How do a SSAS and SIPP differ?
They're both regulated in the same way and in the eyes of HM Revenue and Customs (HMRC), they're both investment regulated pension schemes, which means that the basic rules surrounding borrowing, lending and investment are exactly the same for both.
So, does that mean we can forget all about the distinctions between the two? Well, unfortunately no.
Although the underlying tax rules are the same for both, the legislation is applied slightly differently. And while it's true that most new investment regulated pension schemes are set up under the SIPP banner, there are still quite a few SSAS arrangements out there.
Let's have a look at the differences between a SSAS and a SIPP in terms of governance and eligibility.
SSAS
A SSAS is a small occupational pension scheme that is set up by the directors of a business who want more control over the investment decisions relating to their pensions and in particular, to use their pension plans to invest in the business. As such, each member of the SSAS is usually a trustee.
The following are features of a SSAS:
- It is an occupational pension scheme.
- The members are usually employees or directors of the sponsoring employer.
- There is no limit on the number of members but, as the name suggests, these schemes tend to be relatively small.
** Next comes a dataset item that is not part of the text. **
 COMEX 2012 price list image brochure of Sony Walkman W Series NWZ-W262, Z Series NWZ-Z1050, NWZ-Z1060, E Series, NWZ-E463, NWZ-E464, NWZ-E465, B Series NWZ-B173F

- Each member has a notional share of the SSAS funds including non-insured assets such as property and possibly insured money held in a trustee investment plan.
SIPP
A SIPP is a personal pension plan set up by an insurance company or specialist SIPP operator where the member has greater control over the investments. Anyone can take out a SIPP providing they meet the provider's eligibility requirements. These are usually based on a minimum fund size because of the higher costs involved in running a SIPP compared to a standard personal pension. Other features include:
- It is a personal pension plan.
- The option to invest in both non-insured assets such as unit trusts and property and insured assets such as a trustee investment plan.
- Member's employer can contribute to the pension plan and may operate payroll deduction on the member's behalf.